== Provided material ==

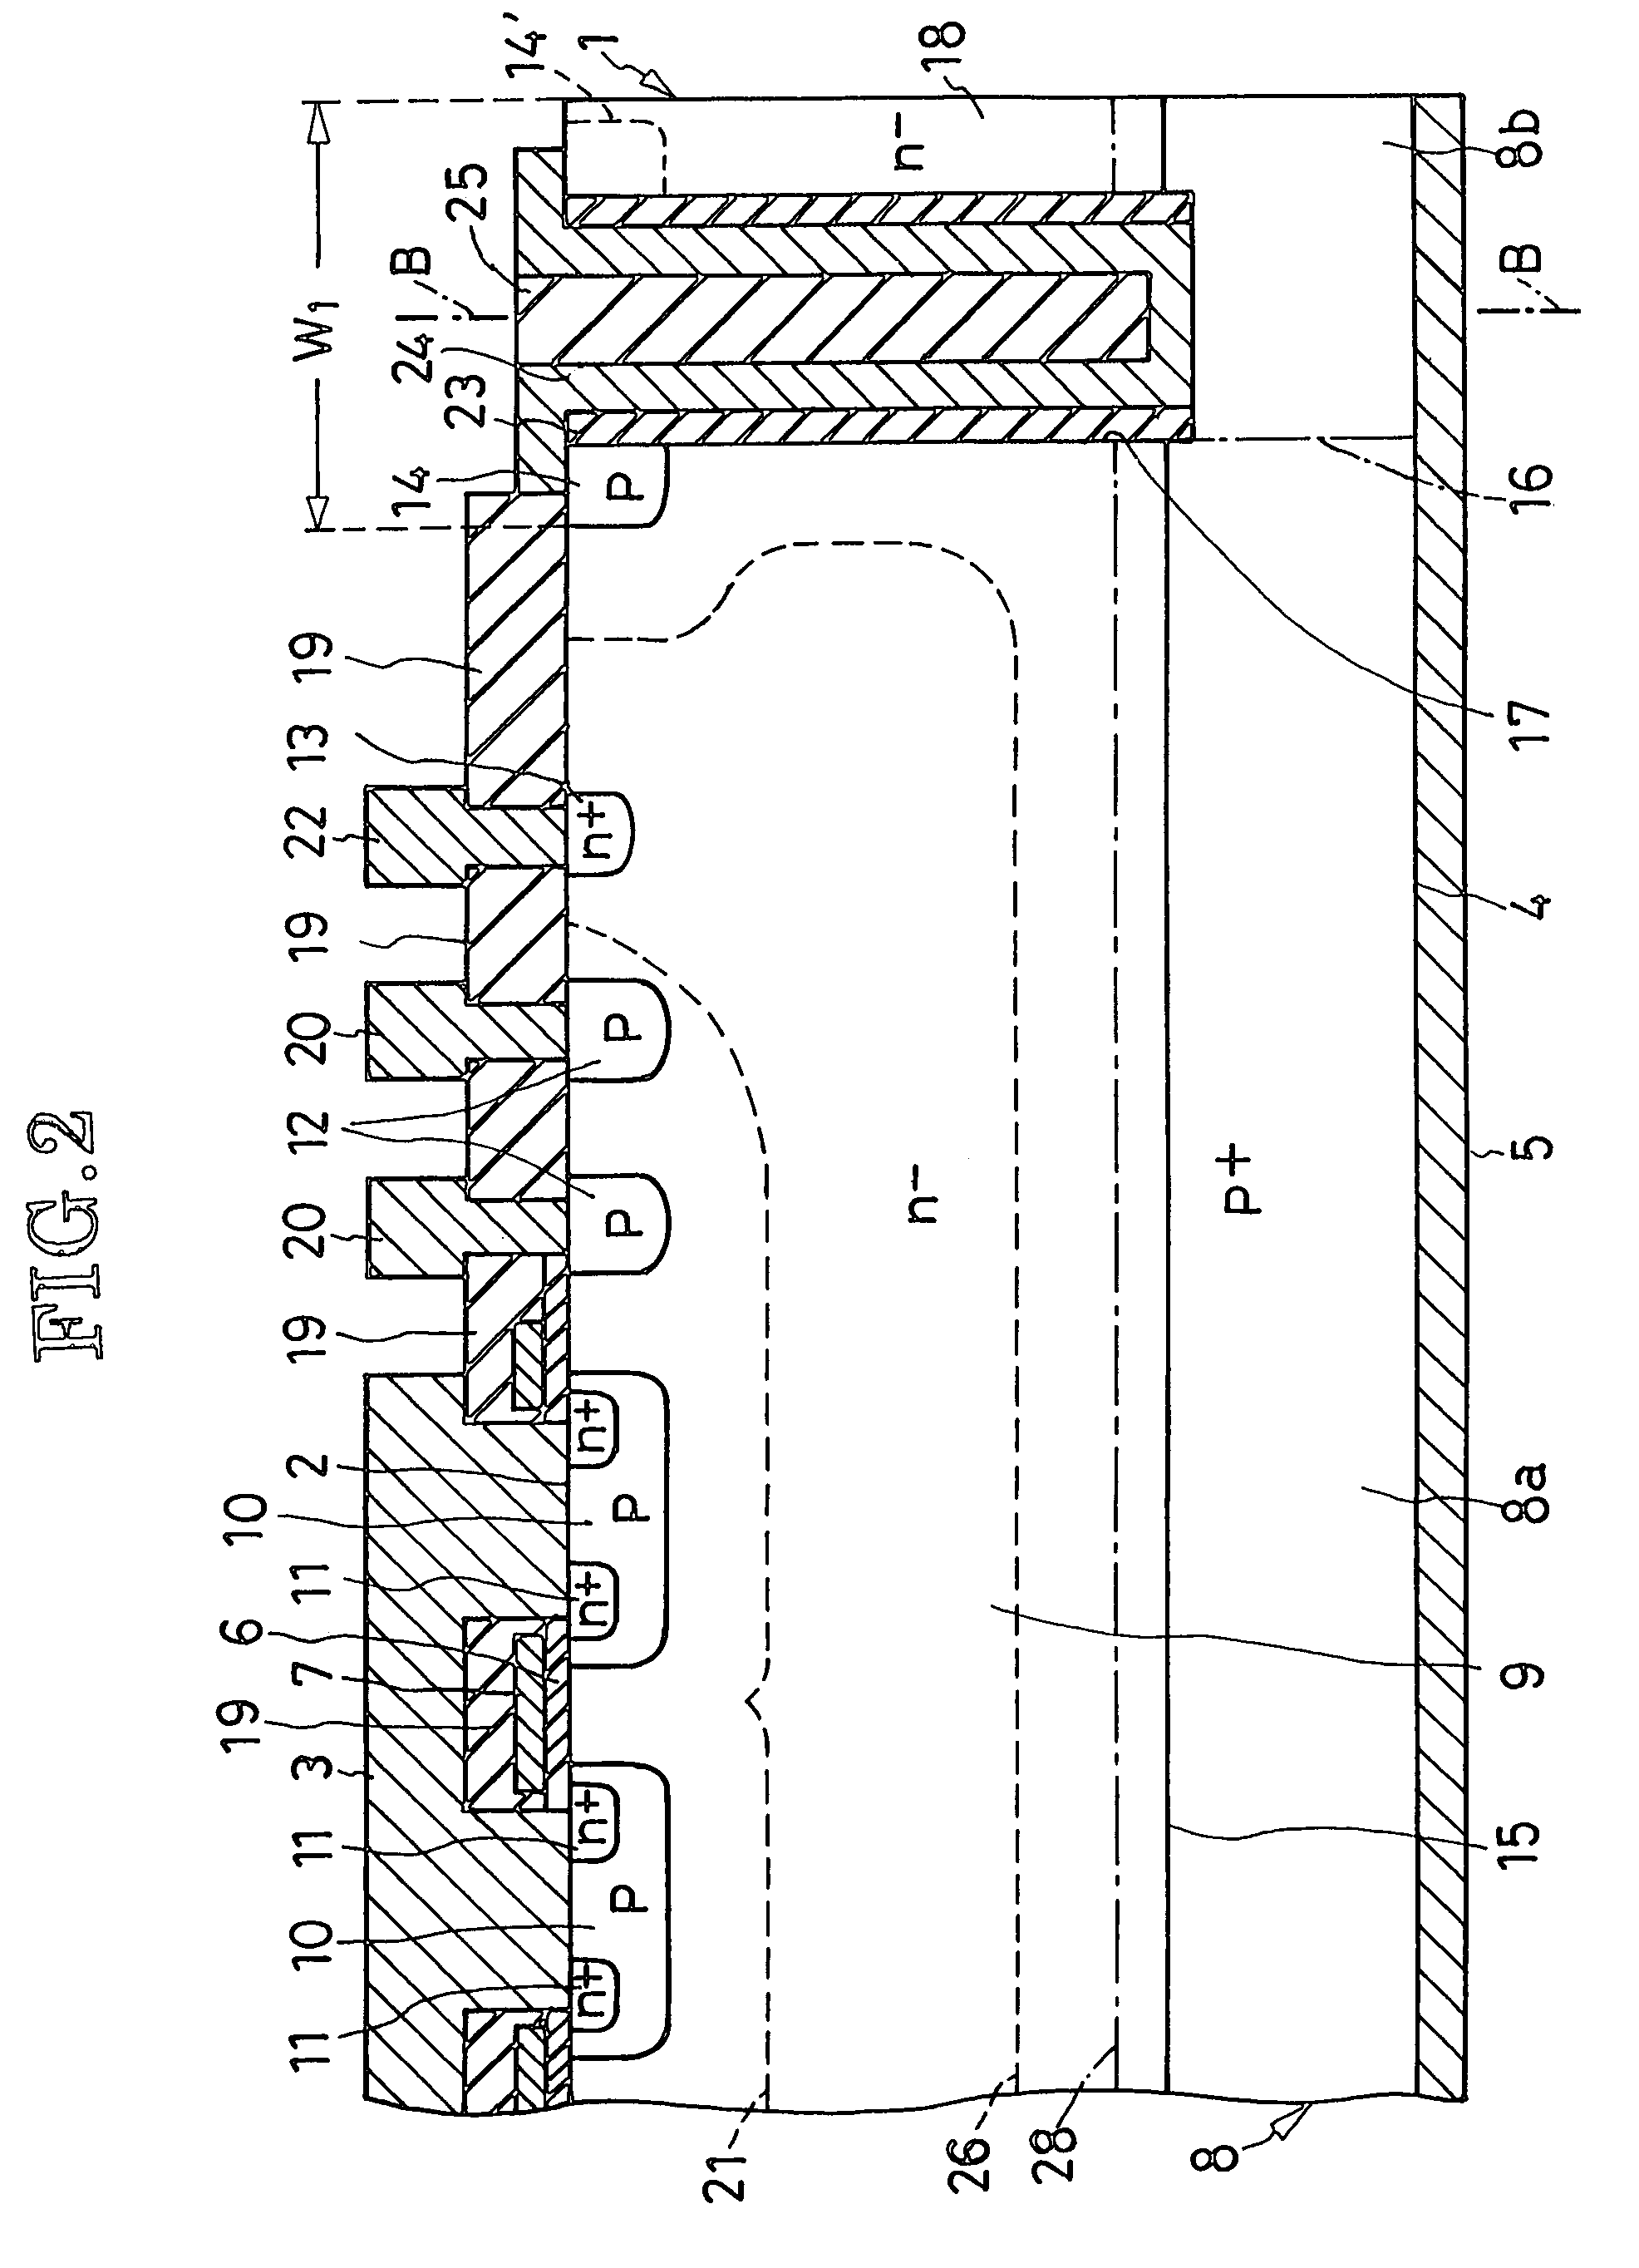 IGBT or like semiconductor device of high voltage-withstanding capability
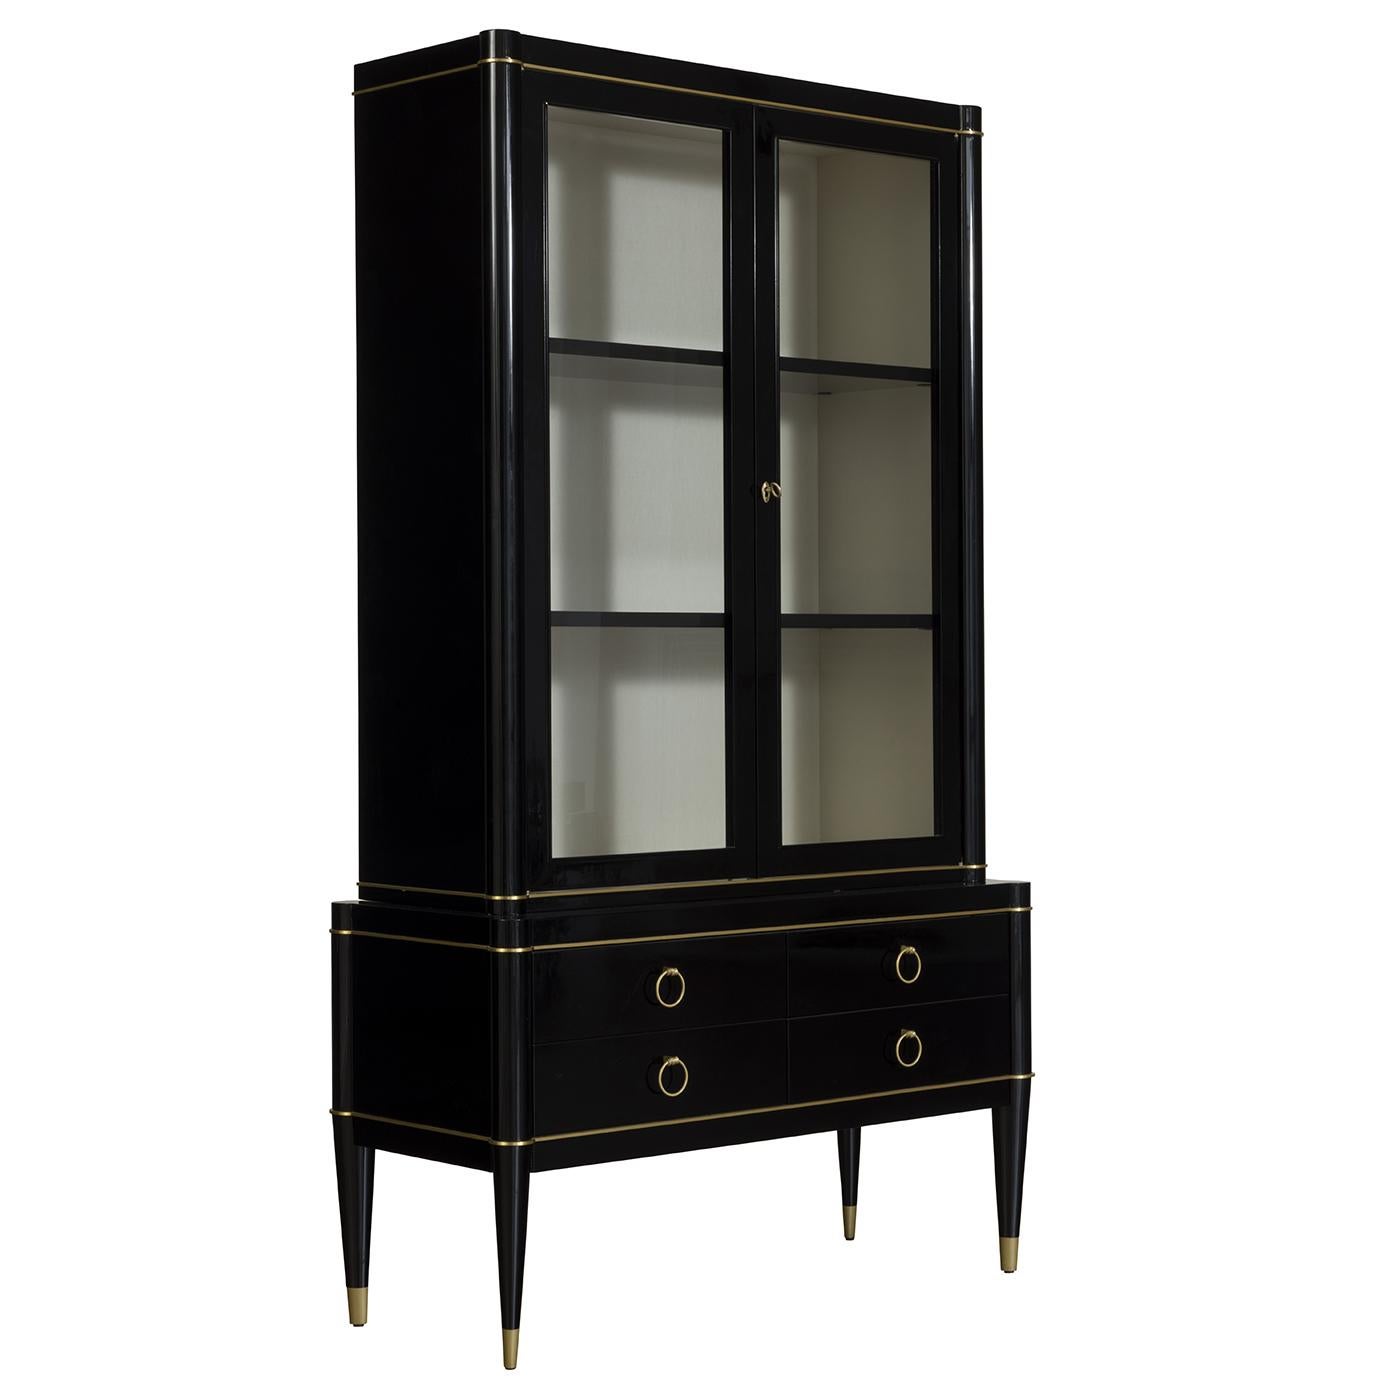 This elegant tall cabinet is part of the Ambra collection of fine, timeless pieces. A stunning addition to a Classic home, where it will store and display decorative ceramics and porcelain objects to adorn a stylish dining room, this cabinet was
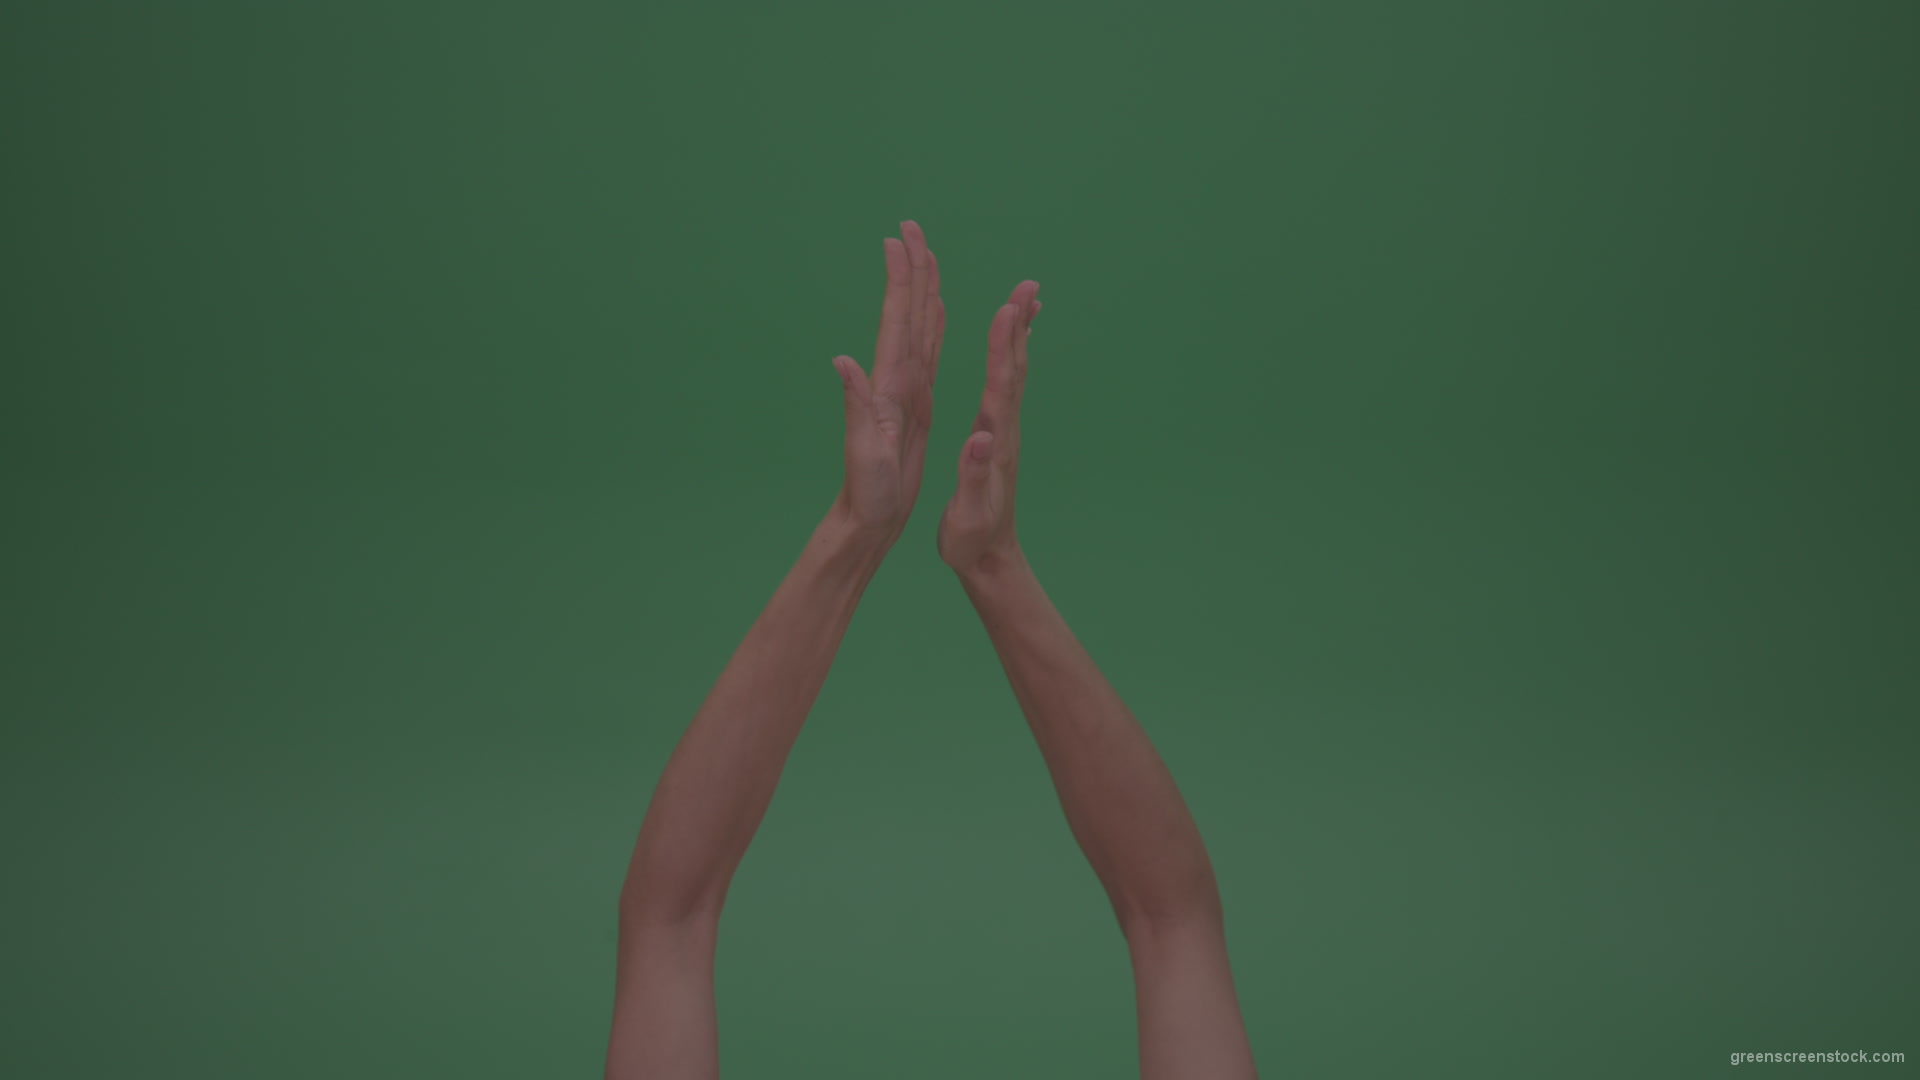 Rapidly-Clapping-Young-FemaleHands-Ovation-GreenScreenWall-ChromaKey-Background_004 Green Screen Stock

== Exercise ==
The copy should hold exactly the lines from the line containing "This elegant tall" through the end of the data, both ends included, and no pictures.

== Exercise answer ==
 This elegant tall cabinet is part of the Ambra collection of fine, timeless pieces. A stunning addition to a Classic home, where it will store and display decorative ceramics and porcelain objects to adorn a stylish dining room, this cabinet was
 Rapidly-Clapping-Young-FemaleHands-Ovation-GreenScreenWall-ChromaKey-Background_004 Green Screen Stock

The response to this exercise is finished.